Dennis Muilenburg (right) president and CEO of the Boeing, and John Hamilton (left) vice-president and chief engineer of Boeing Commercial, testify before the US Senate in Washington, DC, October 29 2019. Picture: AFP/WIN McNAMEE
Dennis Muilenburg (right) president and CEO of the Boeing, and John Hamilton (left) vice-president and chief engineer of Boeing Commercial, testify before the US Senate in Washington, DC, October 29 2019. Picture: AFP/WIN McNAMEE

New York — On Tuesday, Boeing’s new chair gave a forceful vote of confidence in CEO Dennis Muilenburg amid calls in the US Congress for the embattled Boeing CEO to resign after two deadly crashes.

“Dennis has done everything right,” Boeing chair David Calhoun told CNBC, praising Muilenburg for keeping the board closely abreast of efforts to return the 737 MAX back to service after 346 people were killed in the accidents. “To date, he has our confidence.” 

Calhoun acknowledged that some of Boeing’s assumptions in the development of the MAX were faulty, but hit back at suggestions that the company cut corners and compromised safety. 

Boeing’s board has kept a low profile during the crisis over the MAX, which was grounded worldwide in March following the second of the two crashes.

On October 11, the company  stripped Muilenburg of the chair title — replacing him with Calhoun — even as he was kept on as CEO and as a member of the board. Last week, Muilenburg  endured two days of bruising grilling and criticism from law makers probing the issues that led to the two accidents of the top-selling jet.

Boeing has acknowledged problems with the manoeuvring characteristics augmentation system (MCAS), an automated flight control system implicated in both the Lion Air and Ethiopian Airlines crashes.

Calhoun said the crashes also revealed “flawed” assumptions about how pilots would react to a malfunction of the system.

“No-one was hiding anything, it was a set of engineering decisions that ended up being wrong,” Calhoun said. “And our job now is to make sure that whatever processes we had, whatever process our regulator has, that those processes never allow for this to ever happen again.”

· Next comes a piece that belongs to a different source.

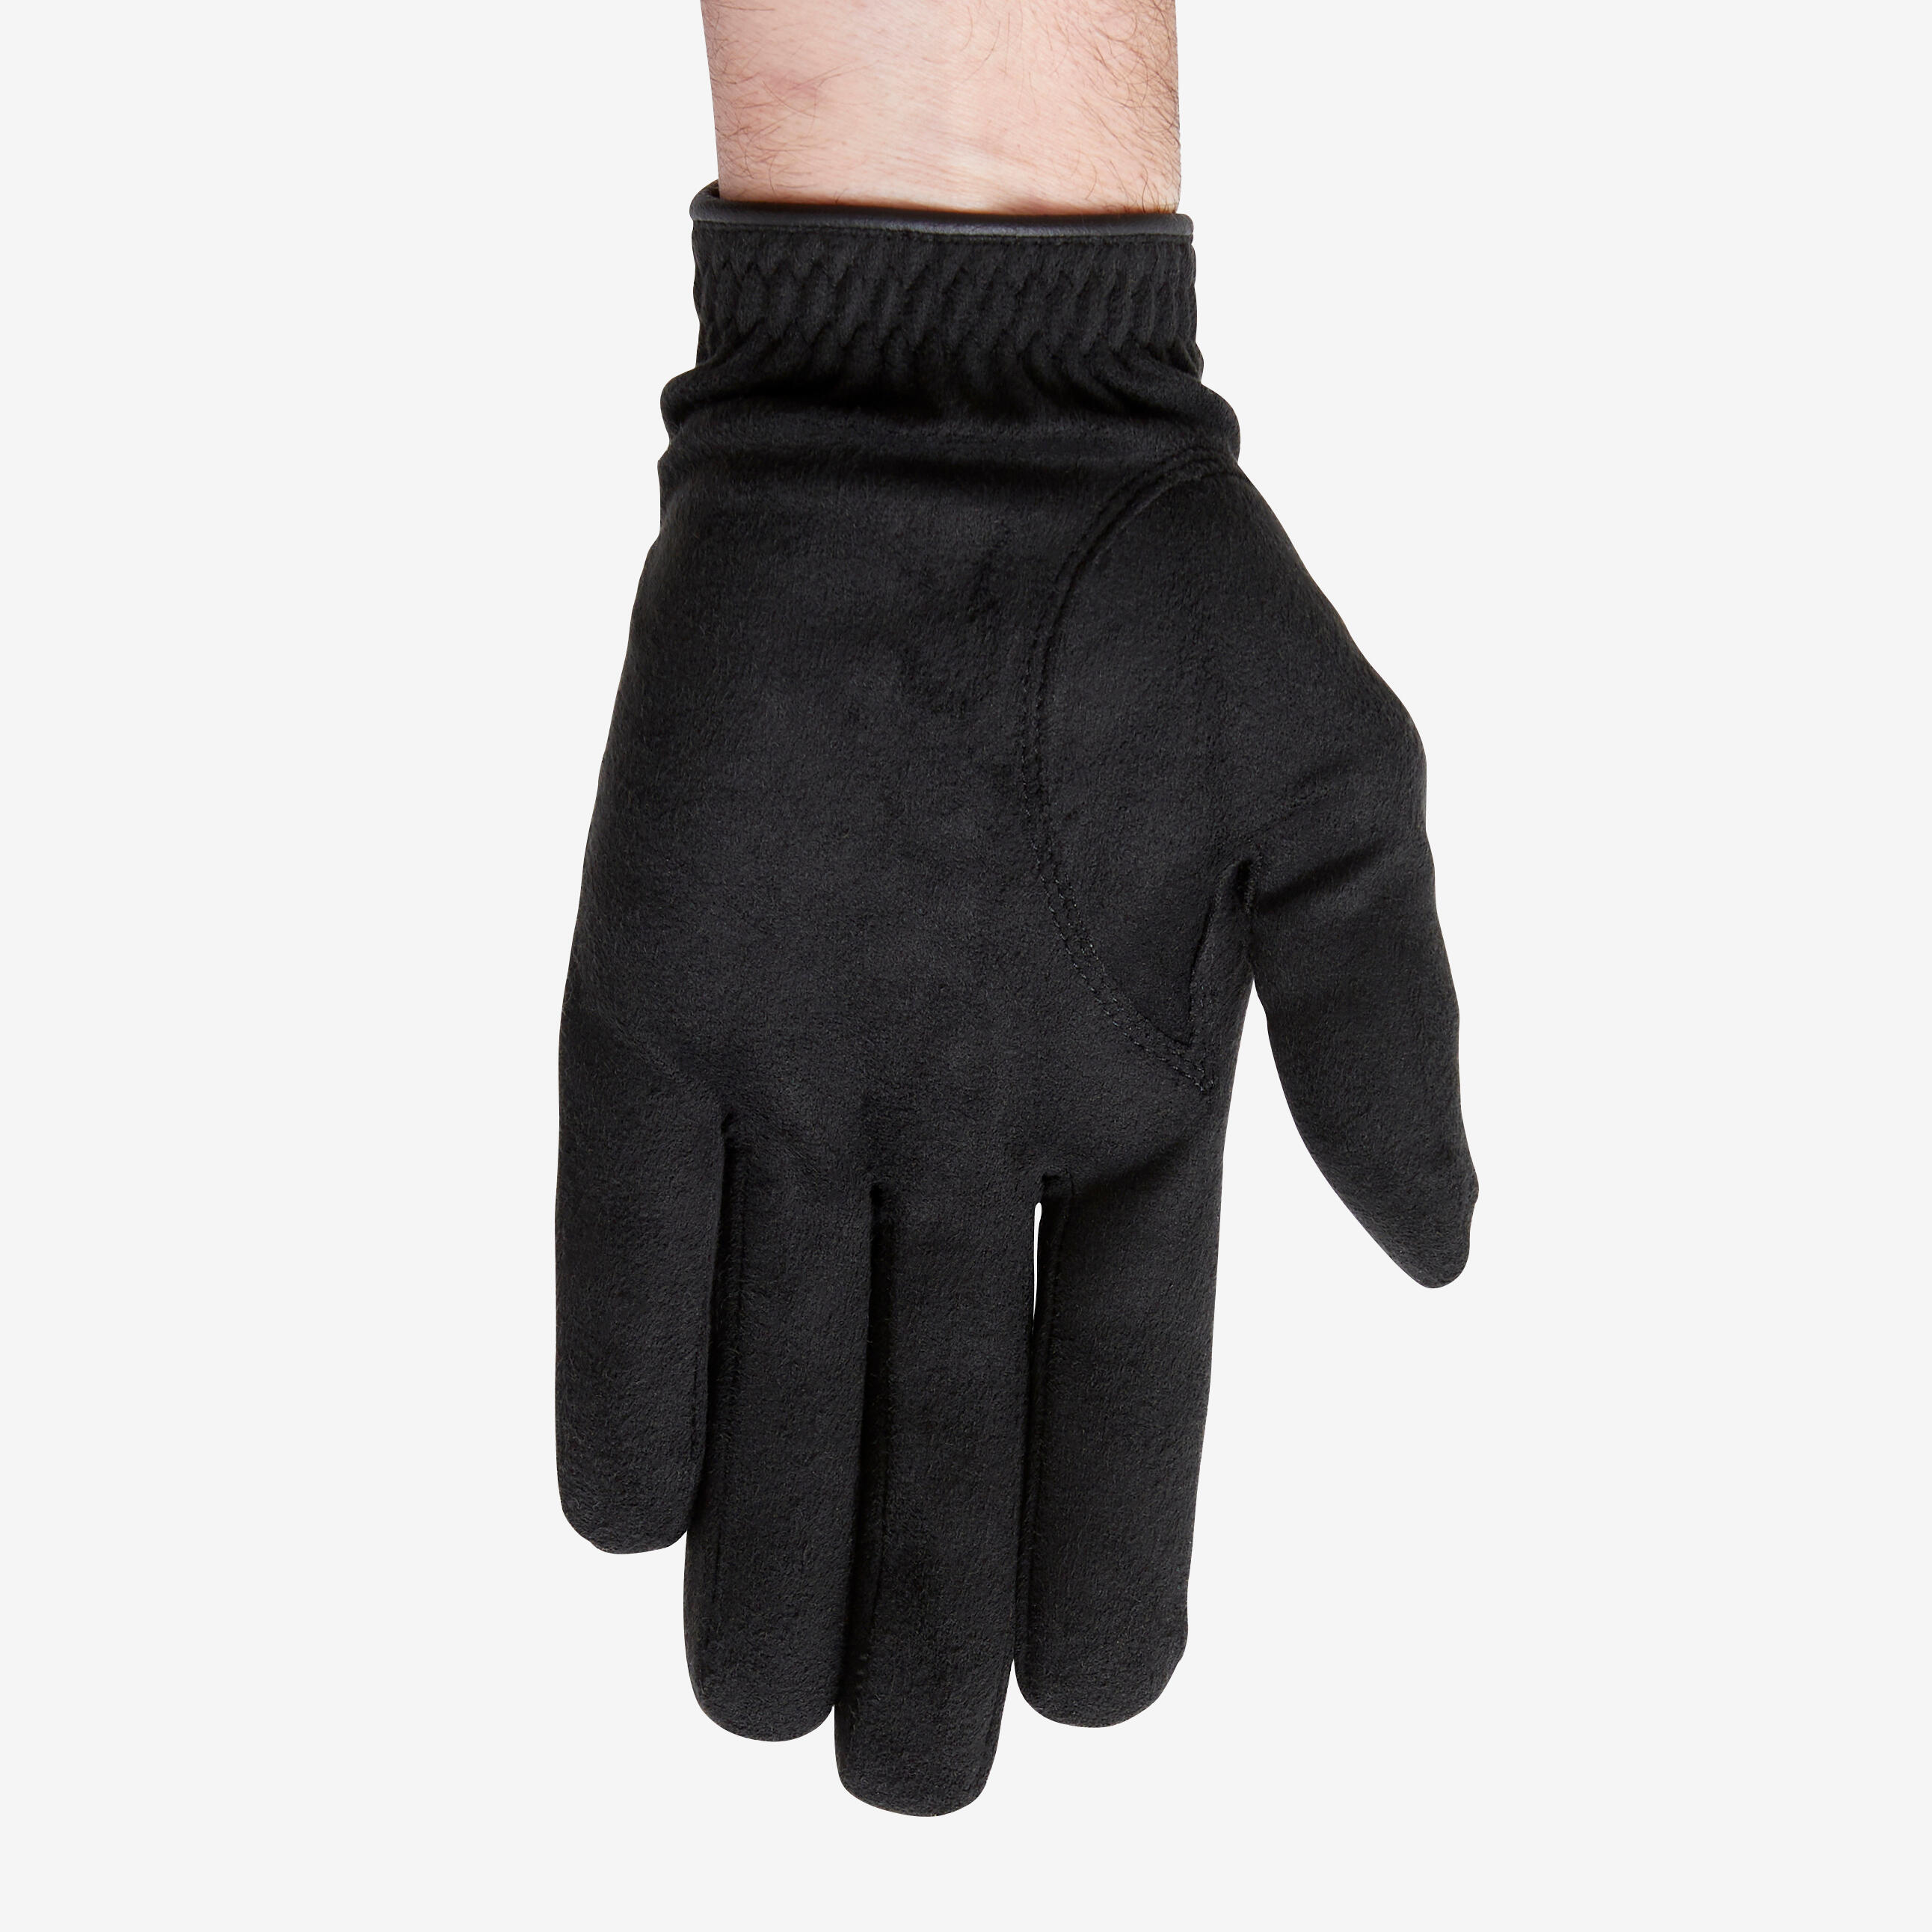 Men's pair of golf rain gloves - RW black 3/5

But lawmakers have depicted the crashes as evidence Boeing had cut corners on safety to rush the MAX into service to compete with a plane from rival Airbus.

Cultural problem?

US representative Peter DeFazio, an Oregon Democrat who chaired last week’s hearing by the House transportation committee, pointed to documents showing Boeing leadership during the MAX’s development was “aware of many of the problems that engineers are now attempting to fix”.

DeFazio faulted Muilenburg’s responses to many questions as “consistent with a culture of concealment and opaqueness”.

“The bottom line is that there are a lot of unanswered questions, and our investigation has a long way to go to get the answers everyone deserves, especially the families of the crash victims,” DeFazio said in a letter to congressional colleagues.

However, Calhoun said criticism of Boeing’s corporate culture missed the mark. While Boeing could take steps to strengthen the visibility of its commitment to safety, “I do not believe that this instance is indicative of a cultural problem,” he said.

Meanwhile, he said Muilenburg is completely focused on returning the MAX to service and succeeding in the face of “one of the most difficult situations any CEO that I’ve ever known has lived through. We’re going to support Dennis”.

Calhoun said Muilenburg had asked not to receive a bonus for 2019 after law makers lambasted the CEO over his pay at the hearing last week. In 2018, Muilenburg’s total compensation package was $23.4m, according to a securities filing.

Calhoun also said the company is not considering clawing back Muilenburg’s pay from earlier years because there was “no culpability”.